The key differences from Custom GPTs:
- Deploy anywhere — Telegram, Discord, WhatsApp, not just ChatGPT
- Choose any model — Claude, GPT, Gemini, DeepSeek, and 50+ others
- Persistent memory — Your agent remembers context across conversations
- Real skills — Web browsing, code execution, file management, image generation
- Isolated infrastructure — Each agent runs in its own container with dedicated resources
- Your agent, your rules — No third-party branding, no platform lock-in
You can try the OpenClaw Launch configurator for free to see how it compares. If you've already written good instructions for a Custom GPT, you're 90% of the way to deploying a more capable agent.
Making the Switch: What Carries Over
The good news is that the work you did on your Custom GPT isn't wasted. Here's what translates directly:
- System prompt / instructions — The behavioral rules you wrote for your Custom GPT work the same way in any AI agent platform. Copy them over.

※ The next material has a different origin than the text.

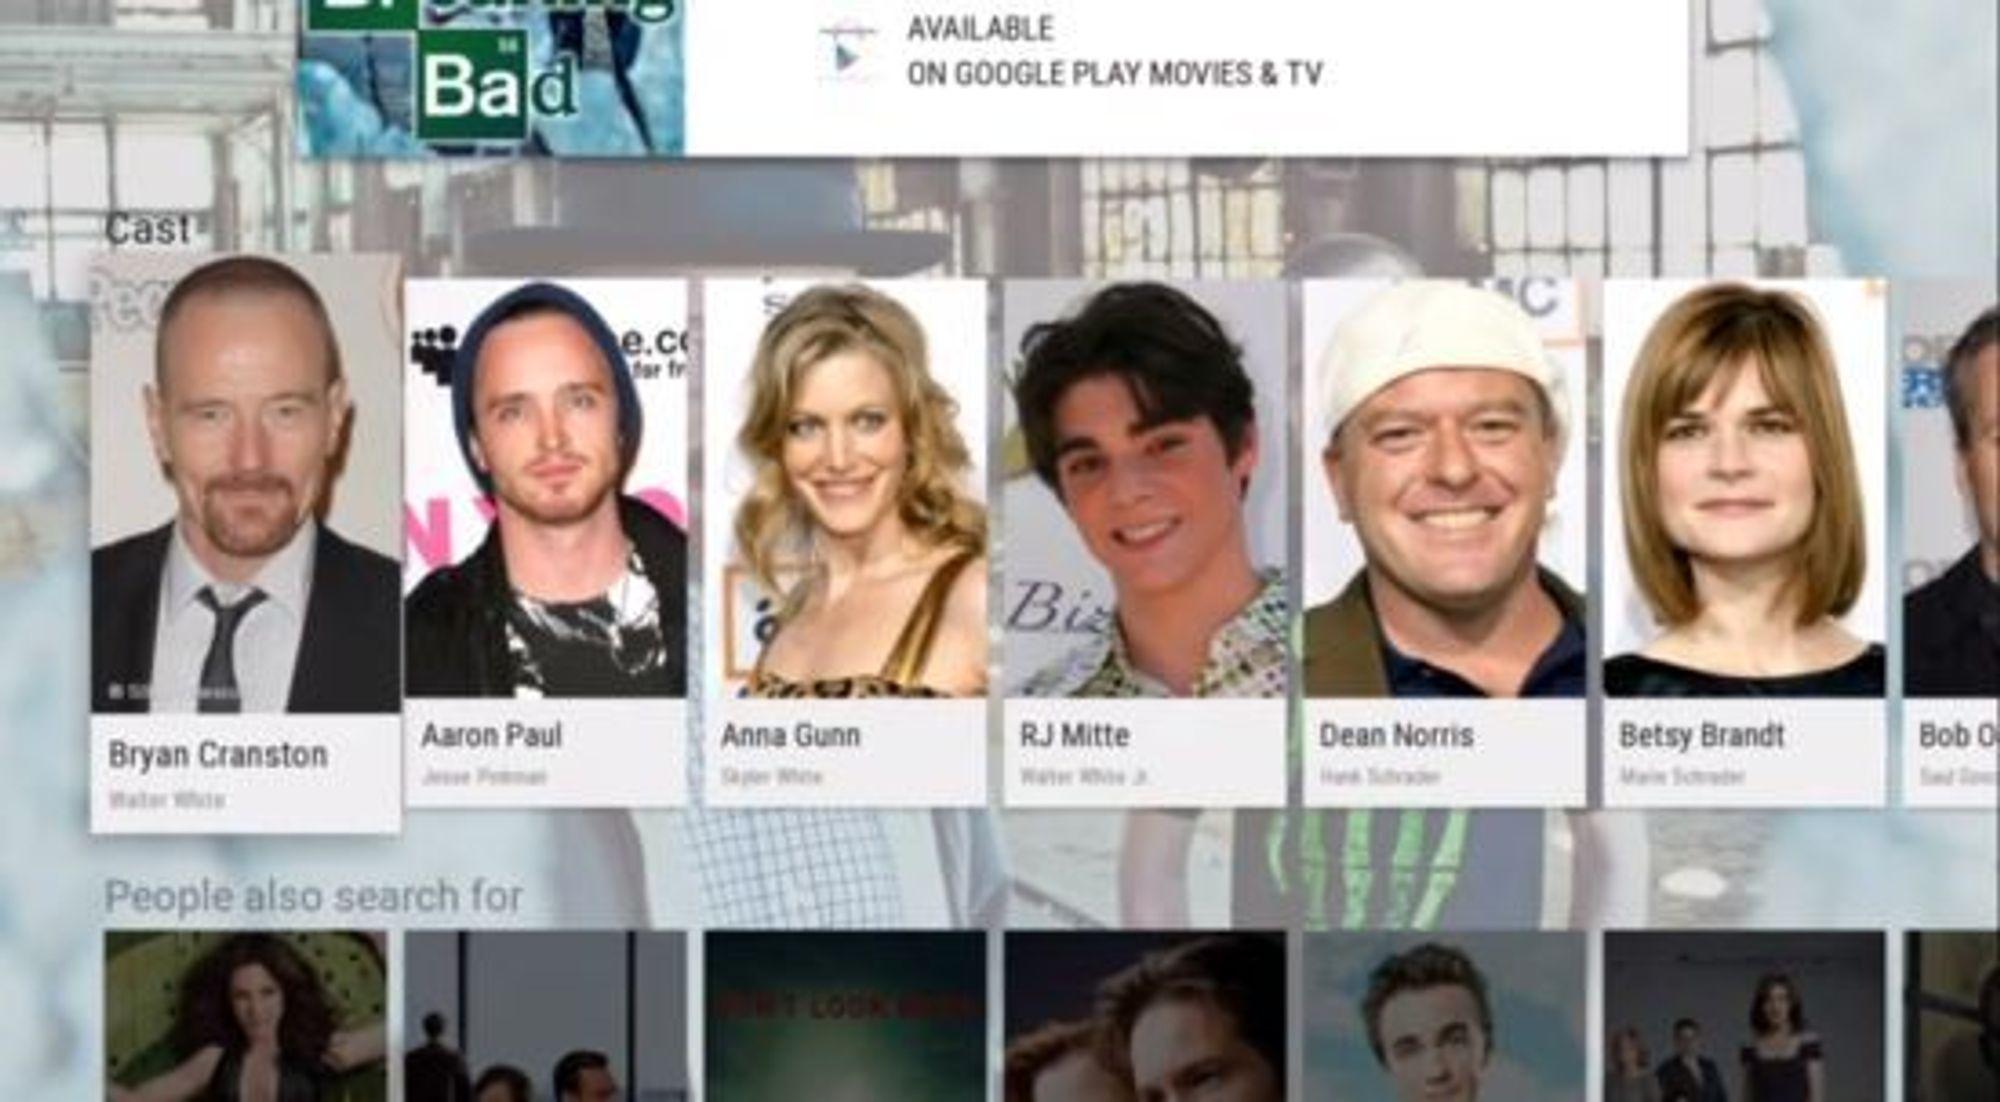 Søkegrensesnittet til Android TV.

- Knowledge and context — Your understanding of what information the agent needs carries over, even if the file upload mechanism differs.
- Use case clarity — You now know exactly what you want your agent to do. That clarity is the hardest part, and you've already done it.
What changes is the deployment model. Instead of sharing a ChatGPT link, you give users a Telegram bot to message or a Discord bot to add to their server. The agent meets users where they are, which typically results in dramatically higher engagement.
Summary
Custom GPTs are a great entry point into building AI assistants. The builder is intuitive, the capabilities are solid, and for personal use within ChatGPT, they work well. But they're fundamentally limited by the ChatGPT platform — you can't deploy them elsewhere, you can't choose other models, and you can't build a real product on top of them.
When you're ready for more, the transition is smooth. The skills you learned writing Custom GPT instructions apply directly to more capable platforms. The main decision is whether you want to self-host (more control, more work) or use a managed platform like OpenClaw Launch (less work, small monthly cost). Either way, you'll be surprised how much more your AI agent can do once it's free from the ChatGPT sandbox.